### [Task to complete]
Pictures excluded, copy all of the data below exactly.

### [Source data]
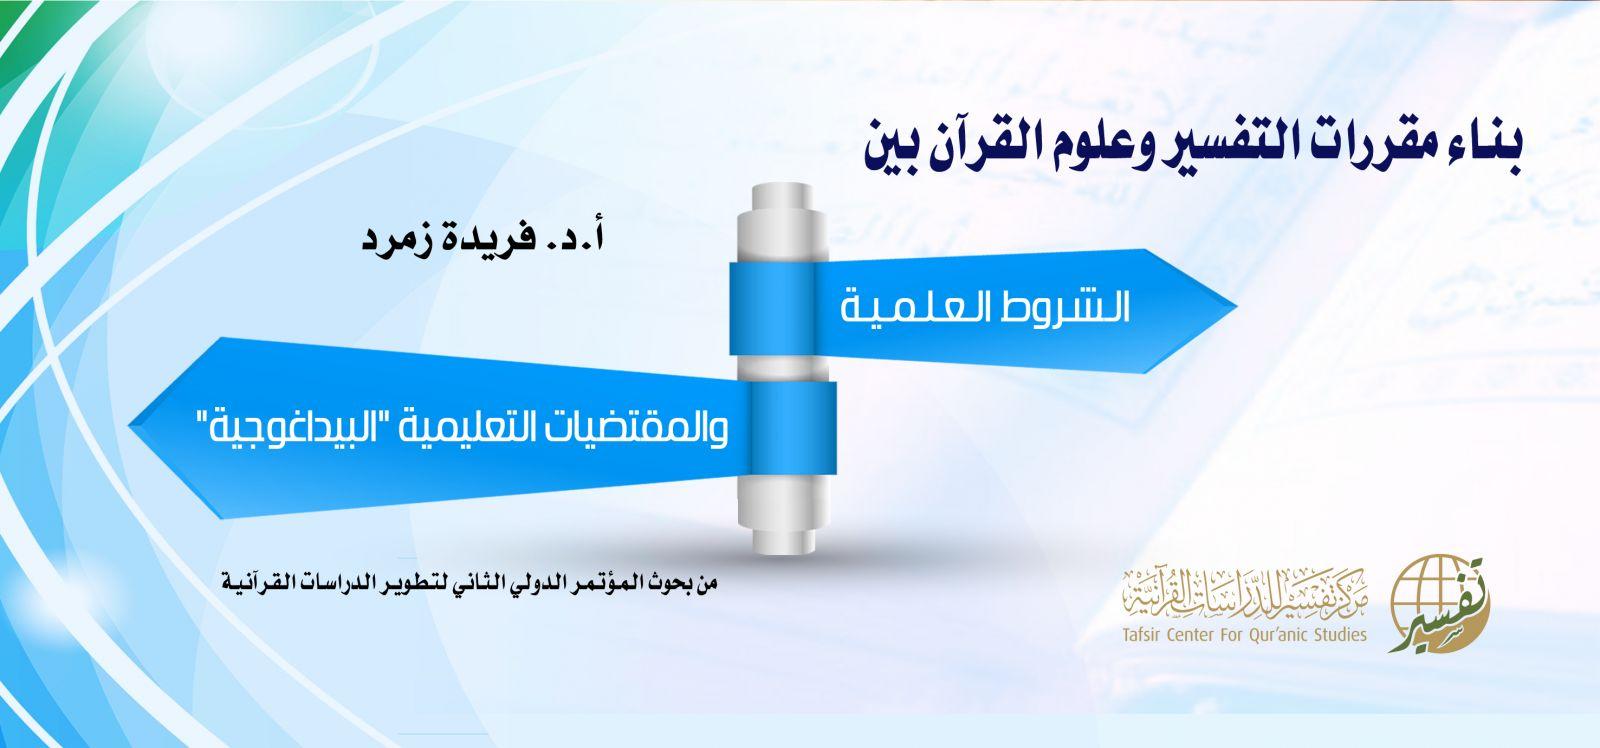 بناء مقررات التفسير وعلوم القرآن بين الشروط العلمية والمقتضيات التعليمية «البيداغوجية»
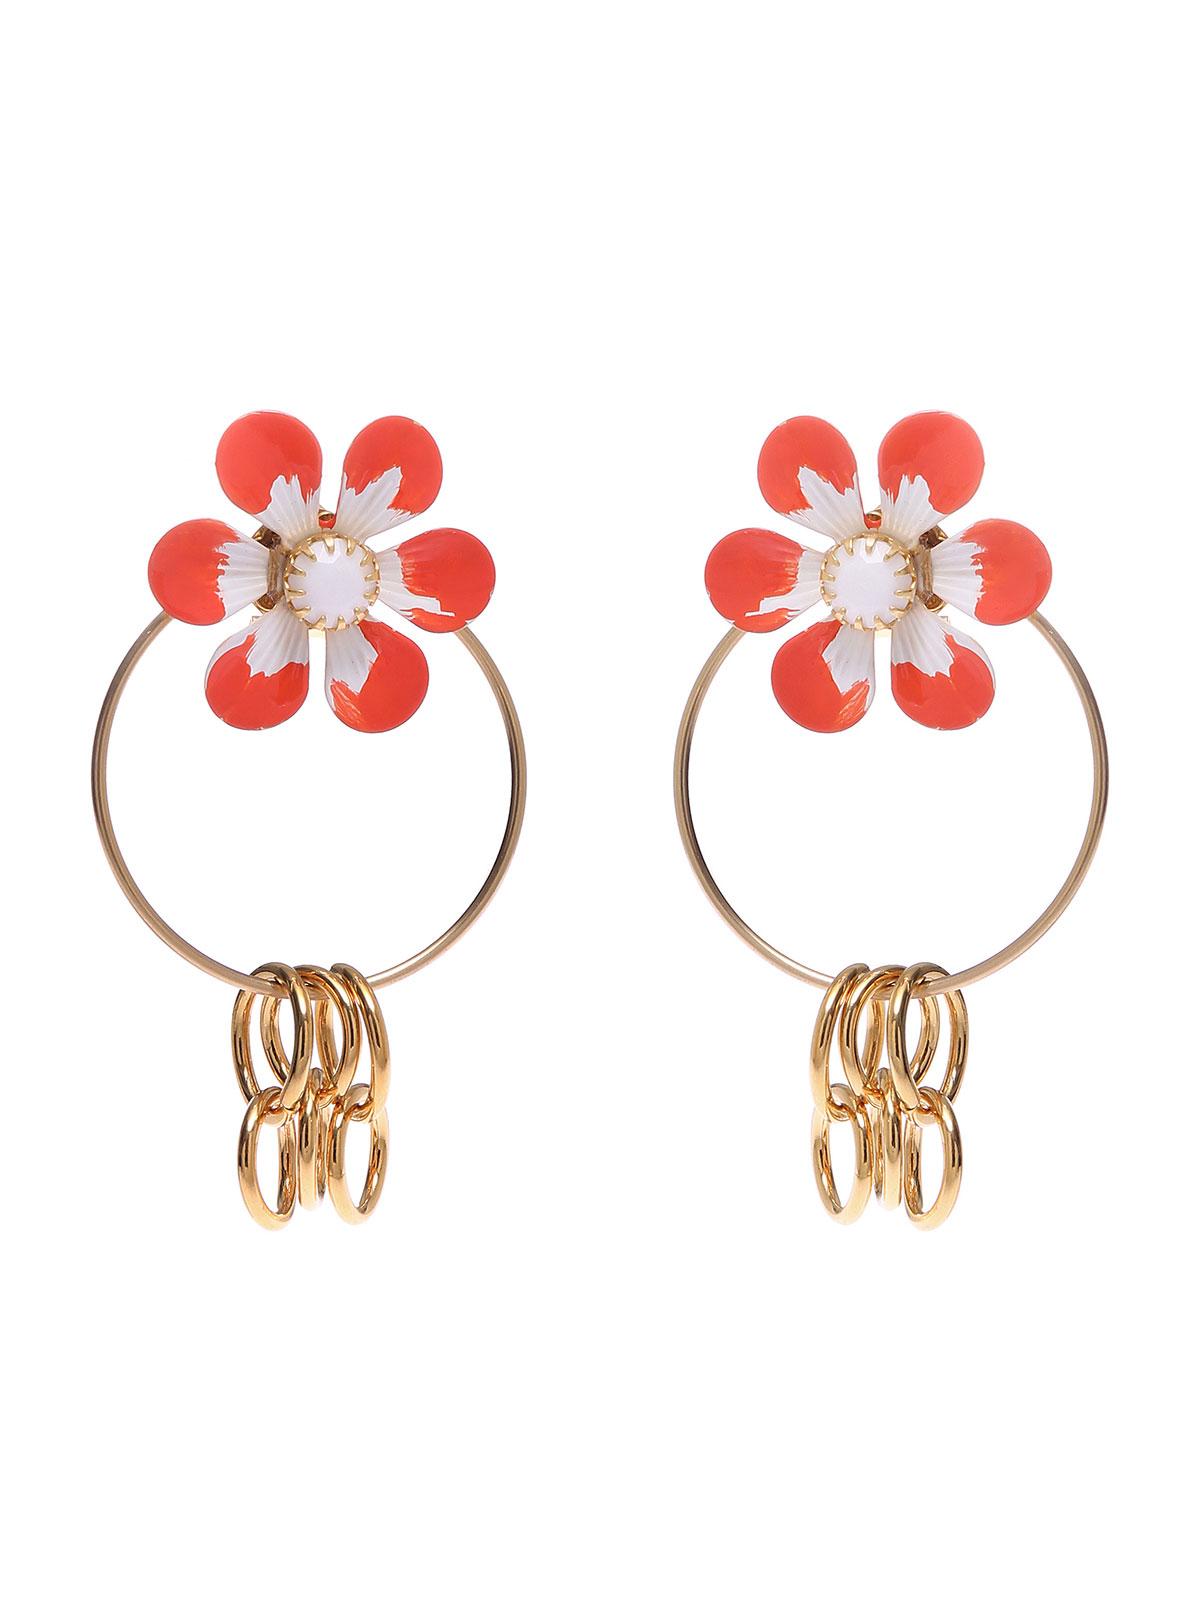 Orecchini fiori smaltati con anelle metallo
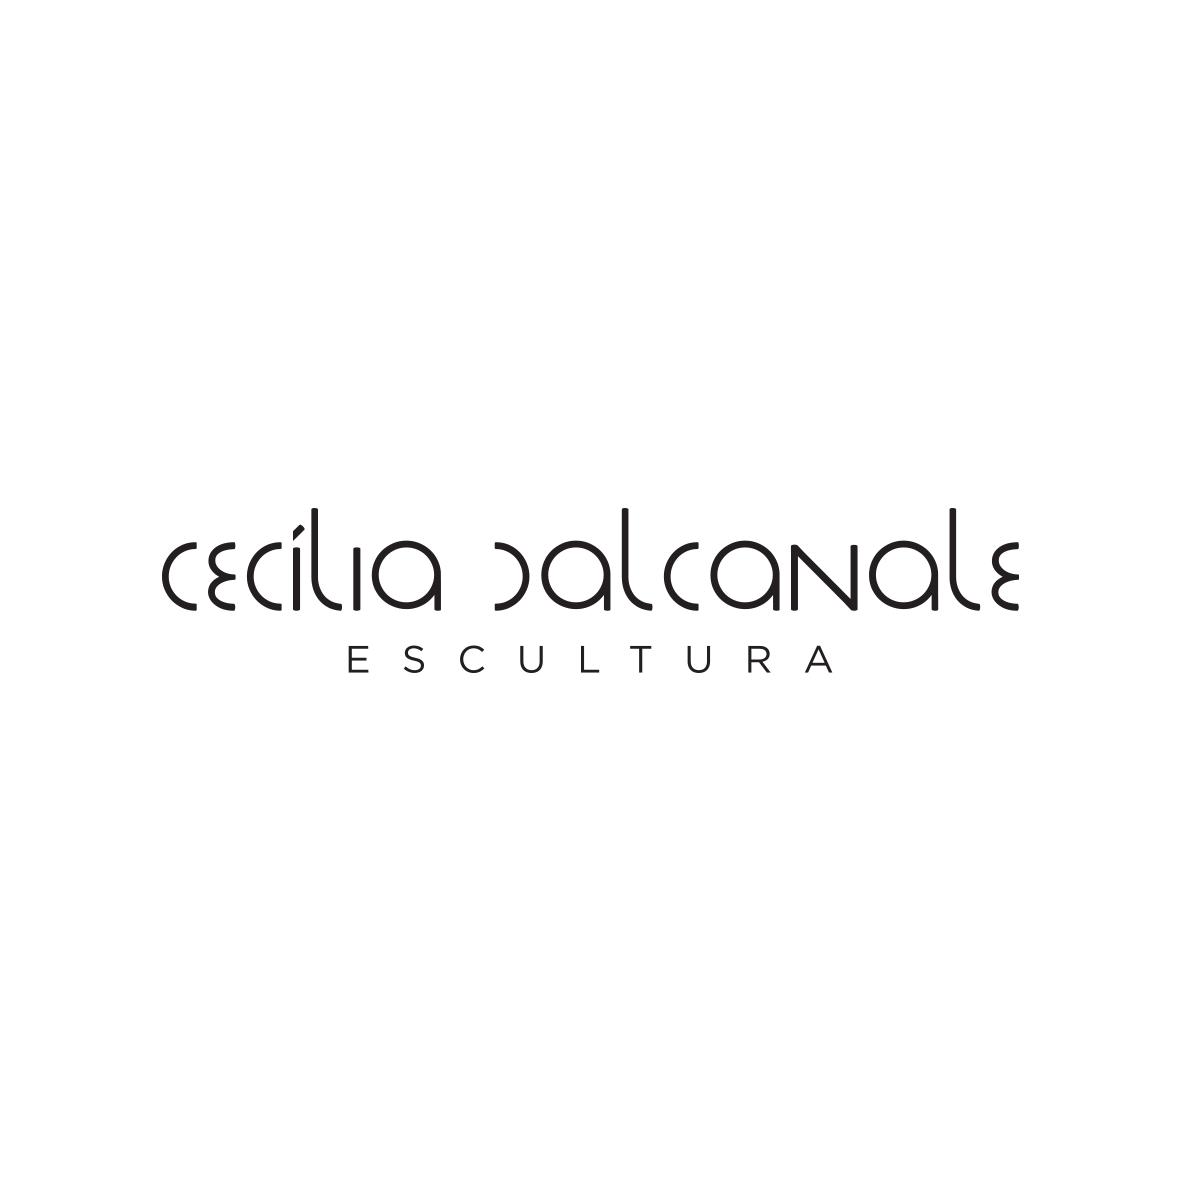 03-cecilia-dalcanale-logo-03b

### [Exercise output]
 بناء مقررات التفسير وعلوم القرآن بين الشروط العلمية والمقتضيات التعليمية «البيداغوجية»
 Orecchini fiori smaltati con anelle metallo
 03-cecilia-dalcanale-logo-03b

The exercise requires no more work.